Evidence From Waterboarding Could Be Used In Military Trials

Team Infidel

Forum Spin Doctor
Washington Post
December 12, 2007
Pg. 4
By Josh White, Washington Post Staff Writer
The top legal adviser for the military trials of Guantanamo Bay detainees told Congress yesterday that he cannot rule out the use of evidence derived from the CIA's aggressive interrogation techniques, including waterboarding, a tactic that simulates drowning.
Air Force Brig. Gen. Thomas W. Hartmann, who oversees the prosecutors who will try the detainees at military commissions, said that while "torture" is illegal, he cannot say whether waterboarding violates the law. Nor would he say that such evidence would be barred at trial.
"If the evidence is reliable and probative, and the judge concludes that it is in the best interest of justice to introduce that evidence, ma'am, those are the rules we will follow," Hartmann said in response to questions from Sen. Dianne Feinstein (D-Calif.), at a Senate Judiciary subcommittee hearing.
Hartmann also declined to say that waterboarding would be illegal if used by another country on U.S. forces, drawing expressions of concern from Sen. Lindsey O. Graham (R-S.C.). Graham has advocated that techniques used by all U.S. agencies conform to the Geneva Conventions, which prohibit cruel, inhuman or degrading tactics.
Hartmann's testimony came amid broad discussion of the use of waterboarding on at least three important terrorist suspects who were taken into secret CIA custody after the Sept. 11, 2001, attacks. The CIA announced last week that it destroyed videotapes in 2005 that depicted the use of harsh interrogation tactics on two detainees, arguing that the move was made to protect personnel visible on the recordings.
Hartmann's testimony conflicted with the views of the former military commissions chief prosecutor, who resigned in October after concluding that the process had become too politicized. In recent interviews, Air Force Col. Morris Davis said he categorically rejected the idea of using any evidence derived from waterboarding because he believes that the technique produces unreliable information. Davis was invited to testify at yesterday's hearing, but the Defense Department ordered him not to attend.
In September 2005, just days after Davis took the job as lead prosecutor, he told his team of about two dozen prosecutors and analysts that they probably would run across evidence that resulted from waterboarding and wanted to make it clear that it would never be presented in a courtroom.
"In my opinion, evidence derived by waterboarding is not reliable, and I took it off the table," Davis said. "I think the vast majority of people were relieved. By and large, most everybody involved in the process, the whole team, was really committed to trying to do this in a way that wasn't an embarrassment to the country."
Davis said he does not have an opinion about the effectiveness of waterboarding as an intelligence-gathering method. But, he said, because it produces questionable information, it should not be used in a court of law.
Prosecutors, who plan to present between 80 and 90 cases, have reviewed evidence on dozens of Guantanamo detainees and concluded, according to Davis, that waterboarding was used on only "a handful" of them. Declining to discuss classified information, he said it is very clear in the intelligence reporting which techniques were used on each detainee and what kind of information was elicited from them.

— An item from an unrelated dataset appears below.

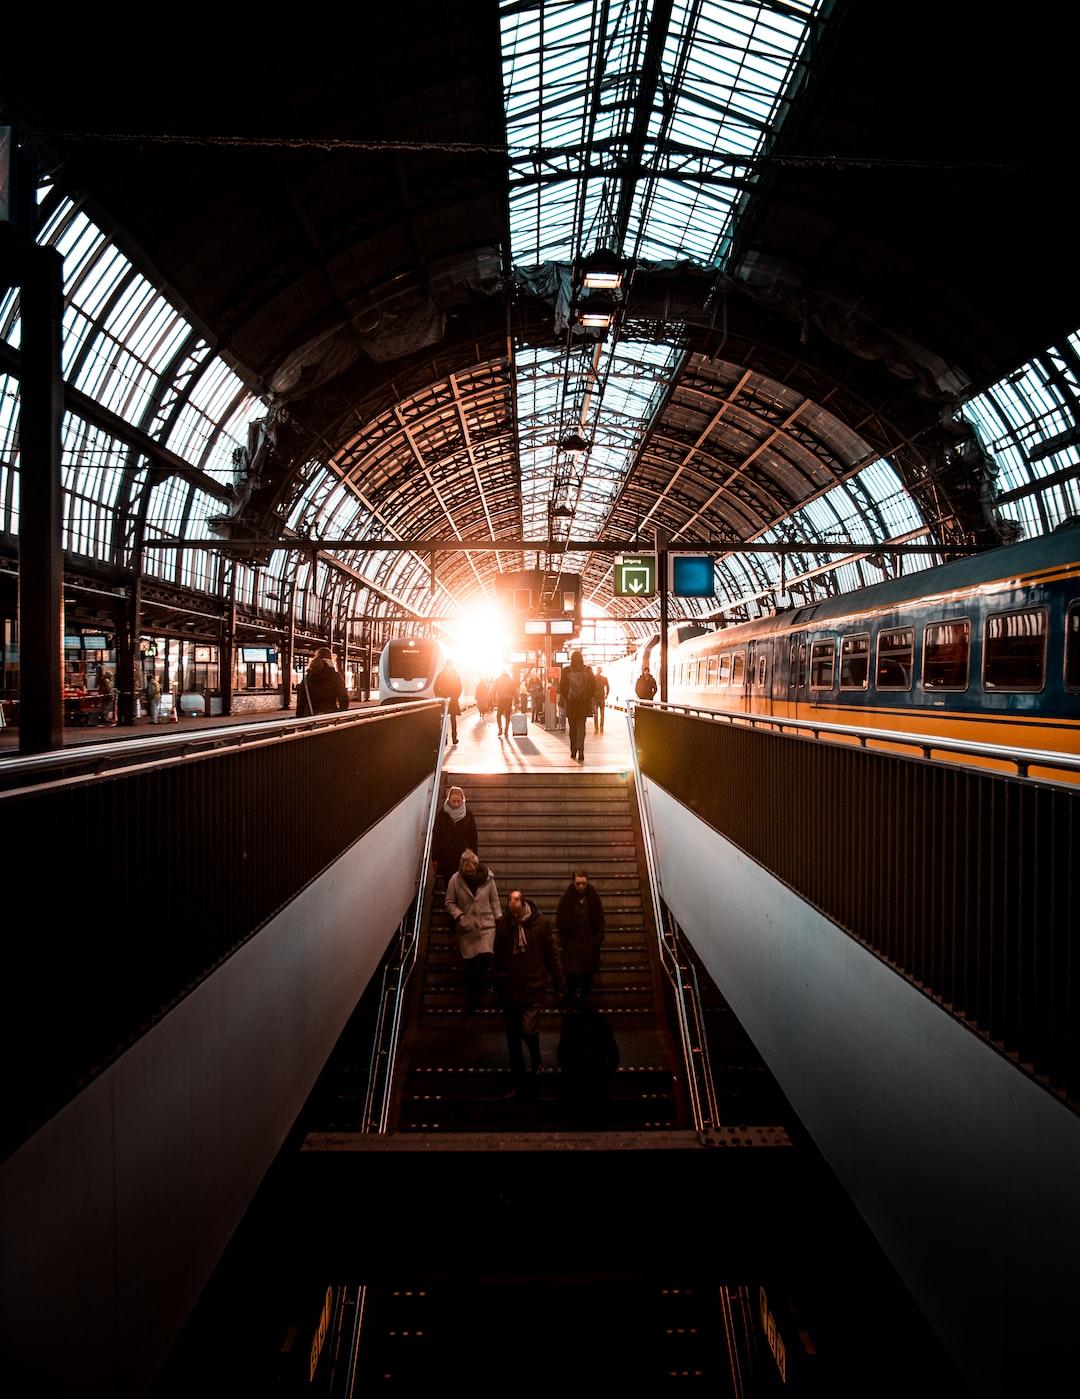 Sunset @ the Amsterdam Trainstation

"Whatever method was employed would be clearly spelled out," Davis said. "There were things that I read that I thought were wrong, that if the shoe were on the other foot, that if it was one of our guys being subjected to it, we'd be pitching a fit.
"If we saw Saddam Hussein doing waterboarding to one of our guys, we'd be planning the mission to do something about it," he said.
After yesterday's hearing, Graham, a reserve Air Force lawyer, said he believes Davis is right and that "no military judge would ever entertain the idea of allowing evidence from waterboarding."
Charles D. "Cully" Stimson, a former deputy assistant secretary of defense for detainee affairs, said he suspects that some of the information derived from waterboarding must be reliable or the CIA would not use it. But Stimson said he would never use such information in a courtroom.
"If I were the prosecutor, I would not be putting in any statements educed by waterboarding," said Stimson, a longtime prosecutor and military lawyer who is now at the Heritage Foundation. "It offends my sense of what's right and wrong."